Friday, June 22, 2012

Response to an Alleged Feminist

Earlier today, a dear friend of mine alerted my attention to an article written by a professed feminist, lawyer and, in my humble opinion, seriously misguided woman. You can find the article here http://www.theatlantic.com/politics/archive/2012/06/1-wives-are-helping-kill-feminism-and-make-the-war-on-women-possible/258431/
A word of caution, you may find it offensive. My initial reaction? Way beyond offended. I was angry. Did this woman seriously just insinuate that all I do all day is sit around getting pedicures and doing aerobics? Would she like to spend just ONE DAY in my worn-to-the-sole shoes, which by the way, were a Payless special? I was huffing and puffing and ready to blow her house down before I finished the first paragraph.
Then it occurred to me, that reaction is precisely the opposite of feminism. You see, feminism isn't about being on equal grounds with men. It's not about being able to vote. It's not about having a high-paying job, opening your own car door or remaining single because you find it "empowering". Those things are not feminine at all. Because what is femininity? What defines womanhood?
For starters, I look to my mother. A woman who worked full-time, raised her child, cared for a home and never complained. She was brave and she was selfless. My mother was a feminist.
I look at Rosa Parks. She was willing to stand up for those who were afraid. She proudly stood up for what she believed. She was a feminist.
I look at Florence Nightingale, selflessly devoting herself to the service of others. Mother Theresa, likewise. These women were feminists.
So what defines womanhood?
Bravery. Selflessness. Service. Love. Conviction.
So I ask this question to the author of this article (yes, I realize, she will likely never read this), are you a feminist?
I look at the world's definition of feminism and it makes my heart ache. Because women don't need to be on the same level as men, because as women, we don't care. We are proud of who we are and status is irrelevant. We bravely accept our position, wherever it may be and with whatever obstacles it might entail. We recognize the difference between what the world values and what we ourselves value.
Women don't need high status jobs or high paying jobs, because we recognize that our greatest influence can be felt in intimate settings, not just high-profile ones. We realize that we can change lives and whether it is one life or a thousand, it makes no difference.

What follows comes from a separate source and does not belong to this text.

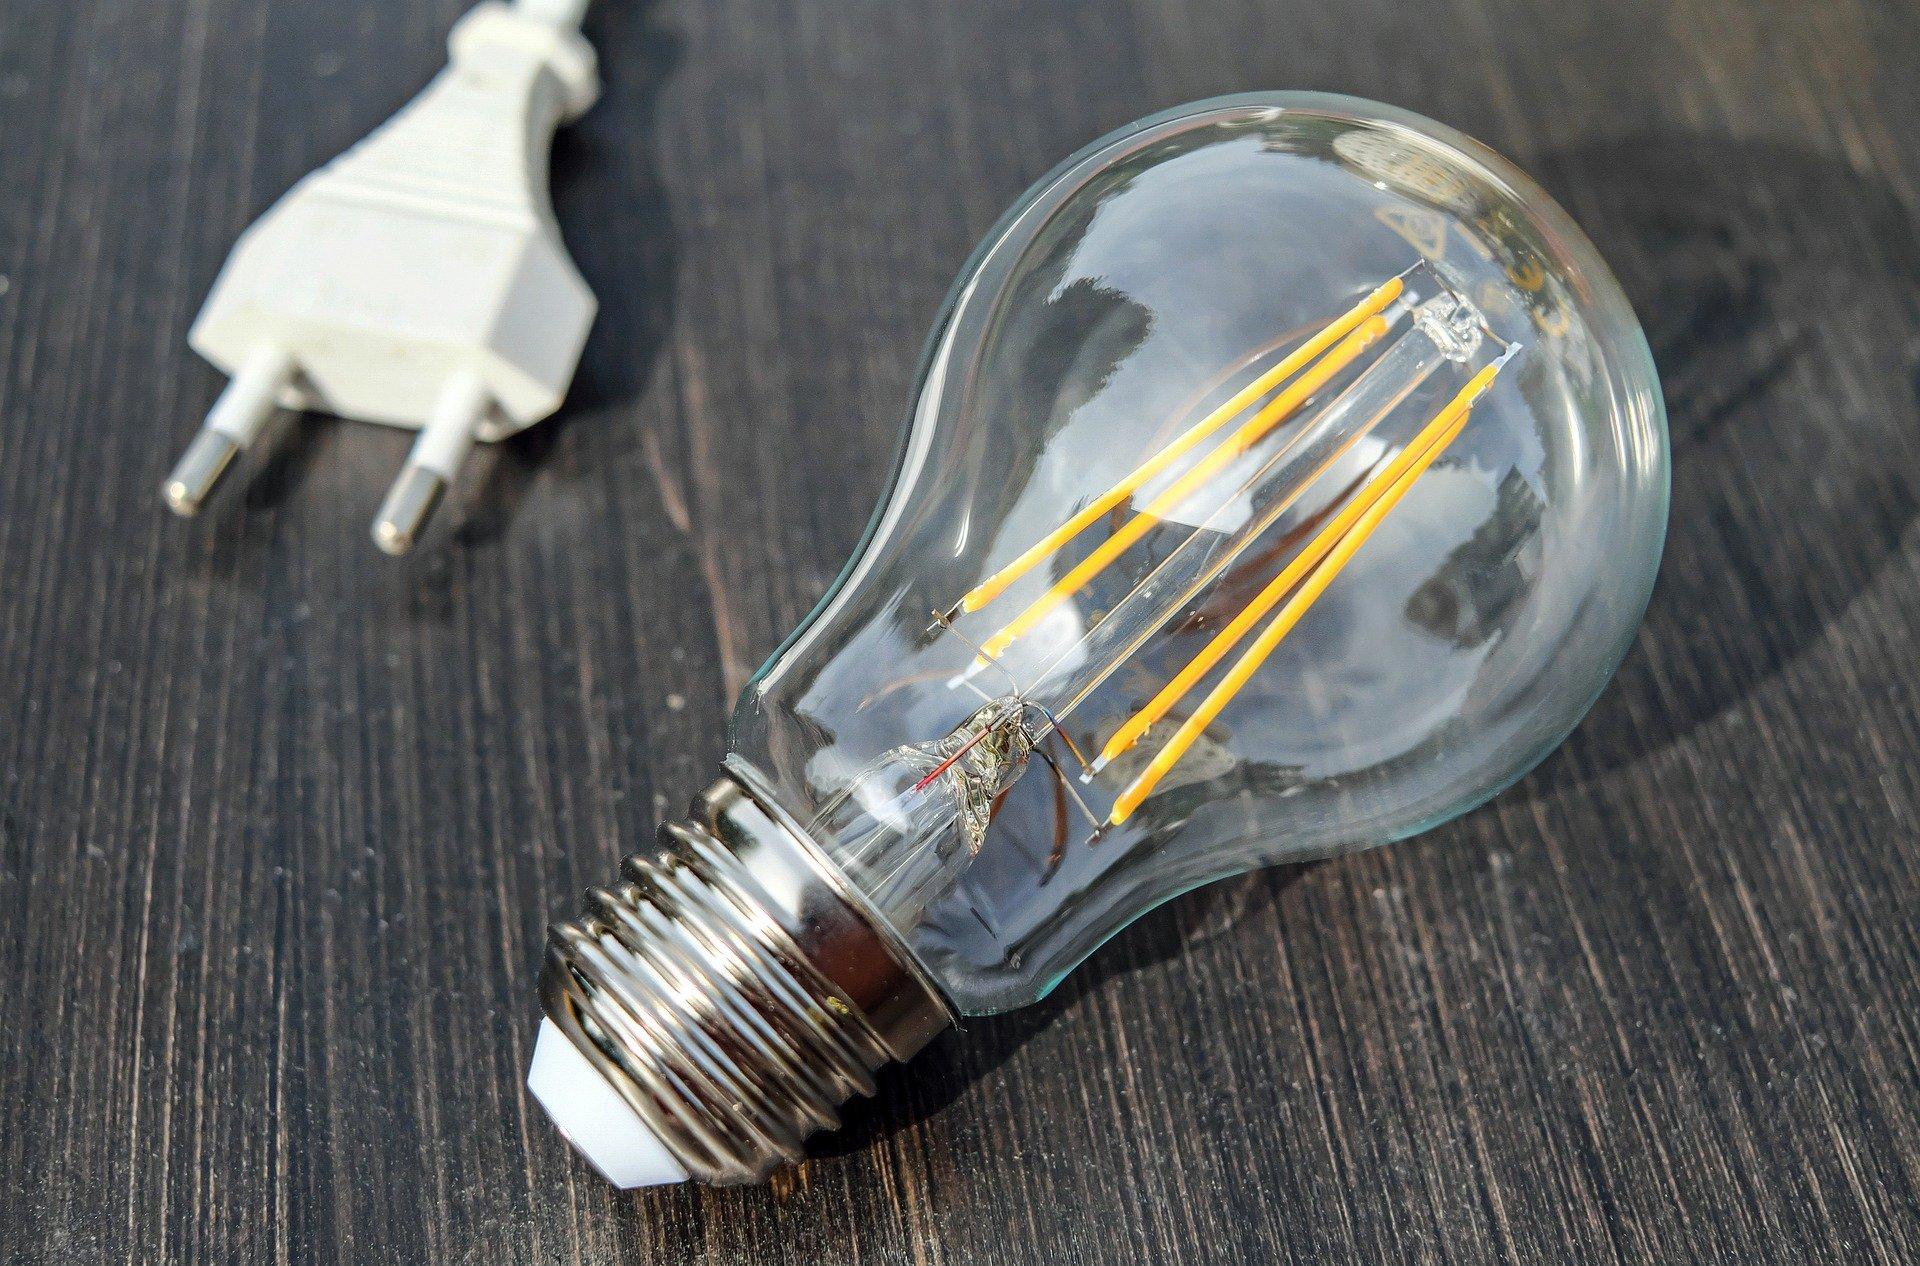 デュッセルドルフ在住時に年に1度やってくる電気代精算の手続き記録【2020/2021完全編】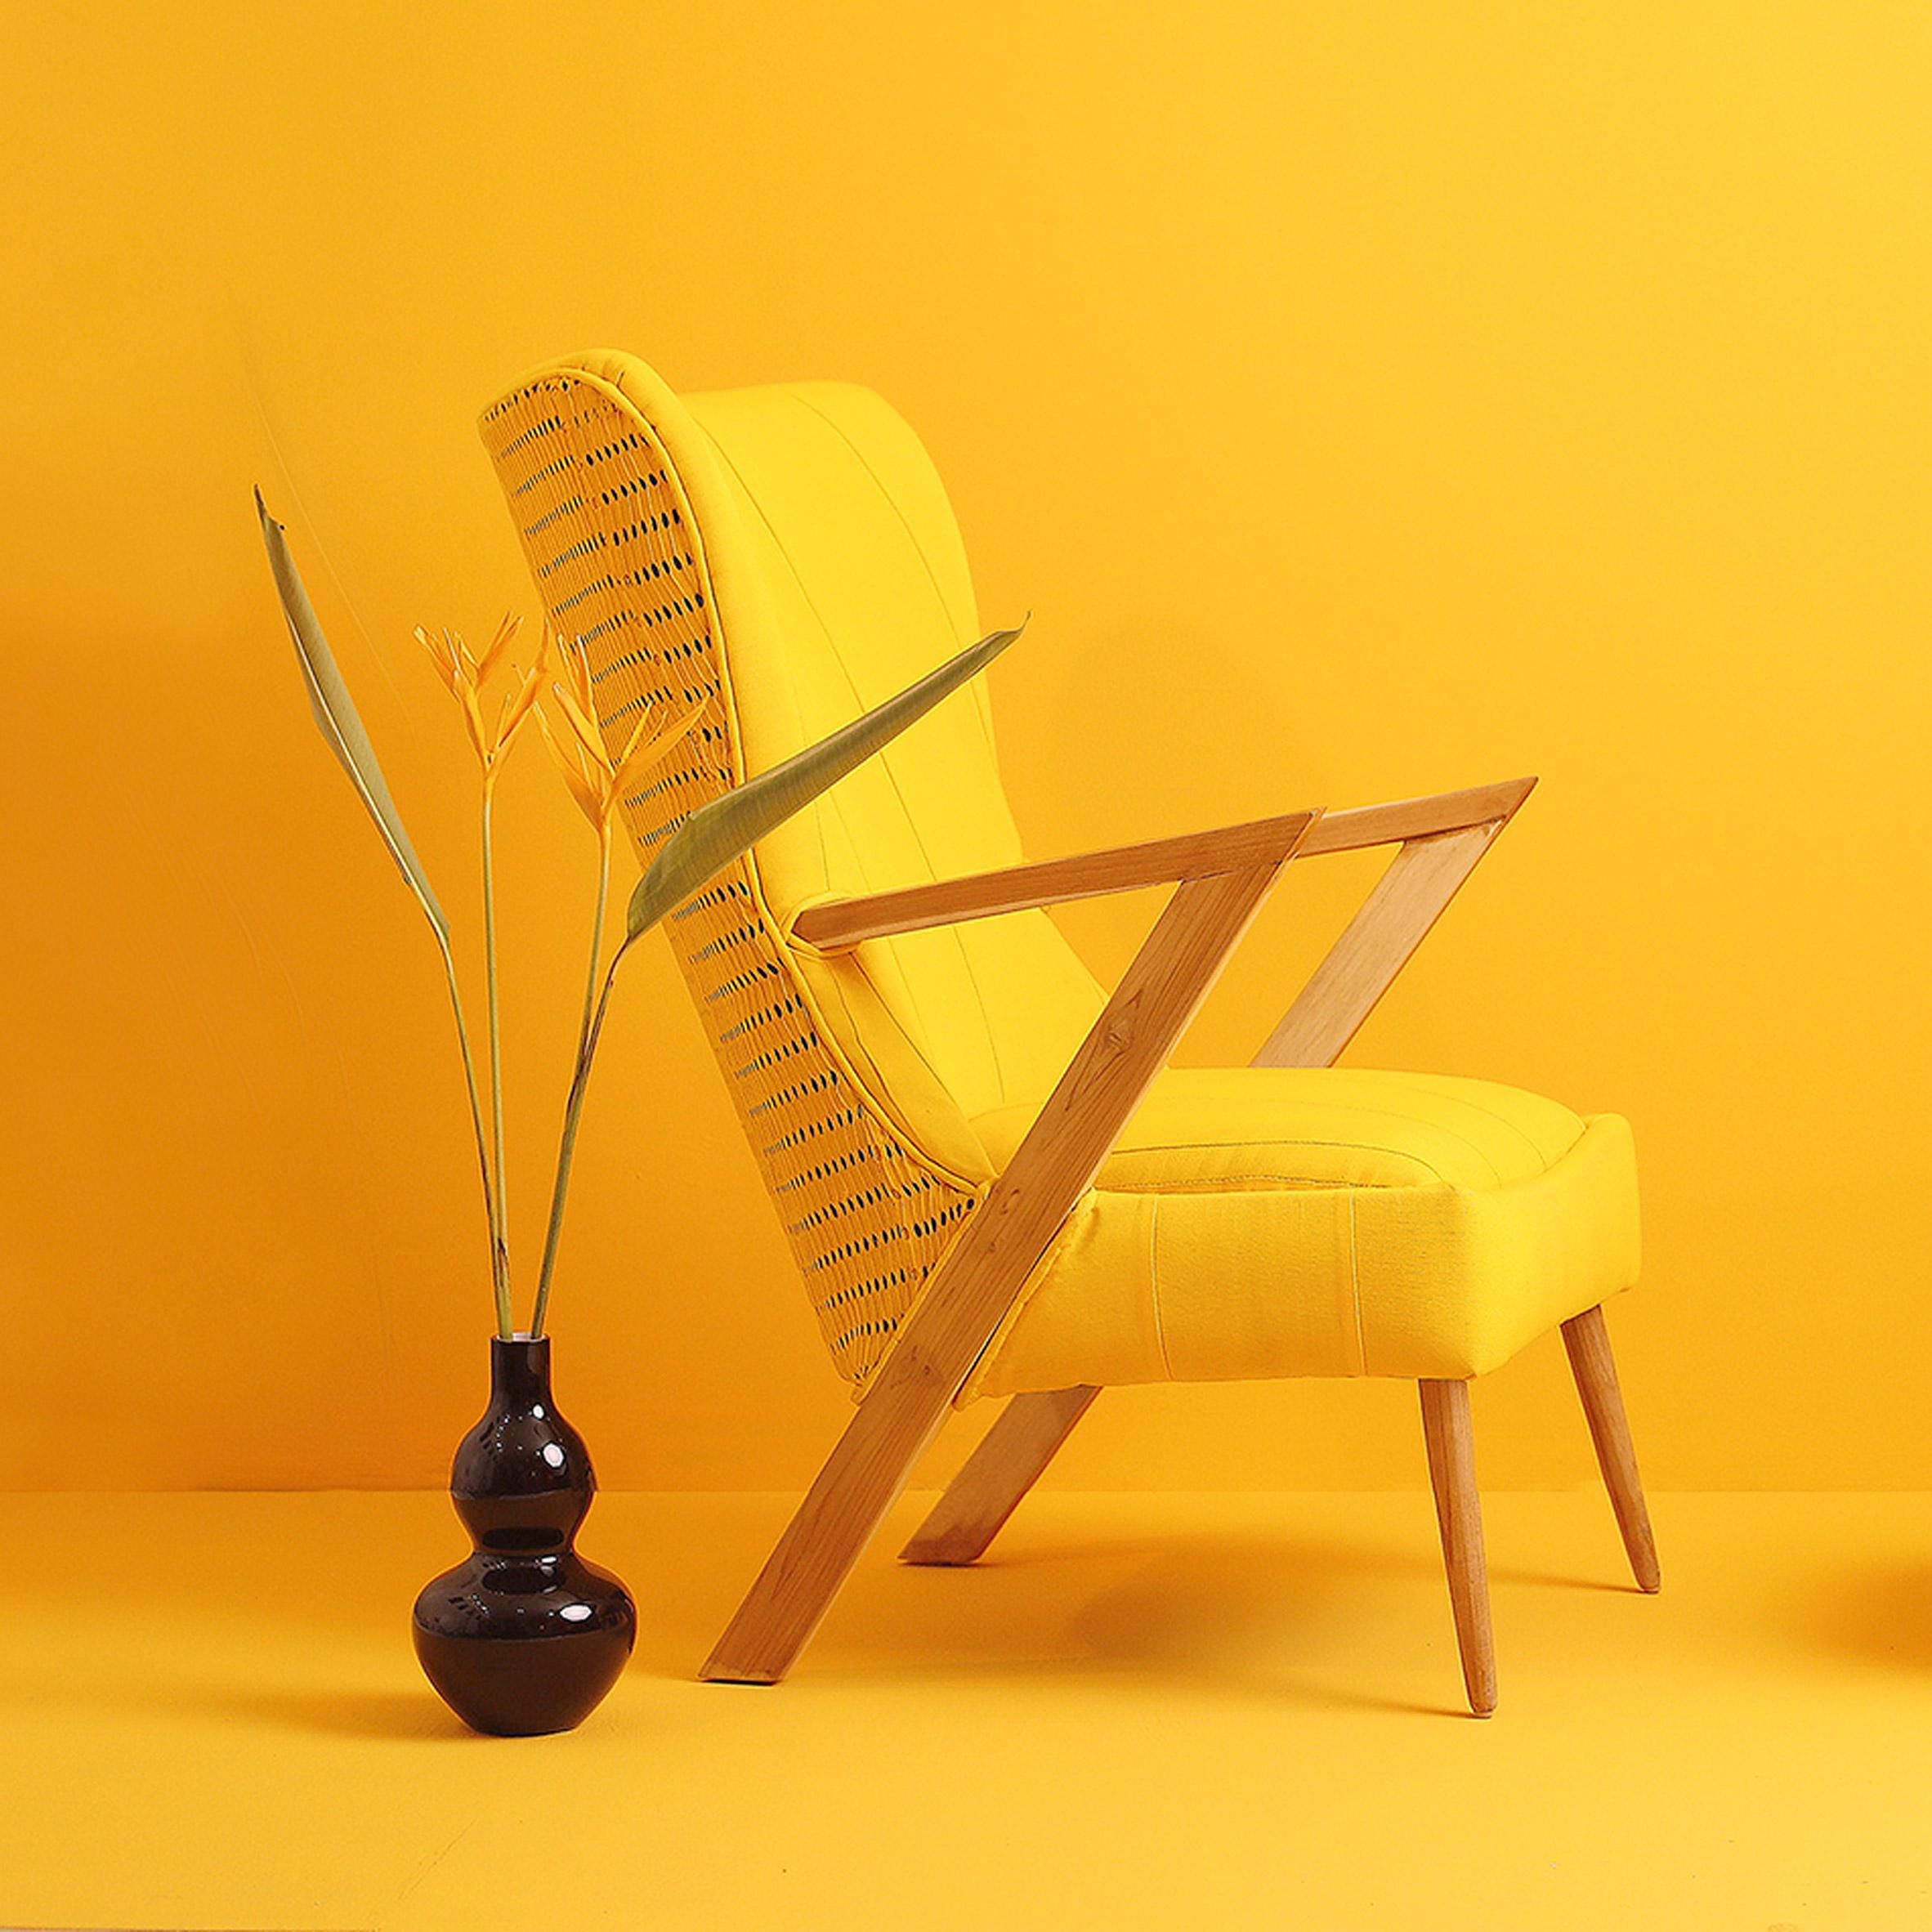 Africa by Design: Àdùnní armchair by Ile Ila

Women don't avoid meaningful relationships because to do so is selfish. Women are not selfish. We realize that life is meant for service and love. We understand that life is not about how much we can do for ourselves, but how much we can do for those around us, those within our reach, those we love.
So that is what I think feminism is. It is recognizing what it really means to be a woman, and proudly,bravely and selflessly embracing it.
I don't for one second claim to be a feminist...not yet. But I'm working on it. If anything, I suppose I should thank Ms. Wurtzel for helping me to remember the true beauty of womanhood.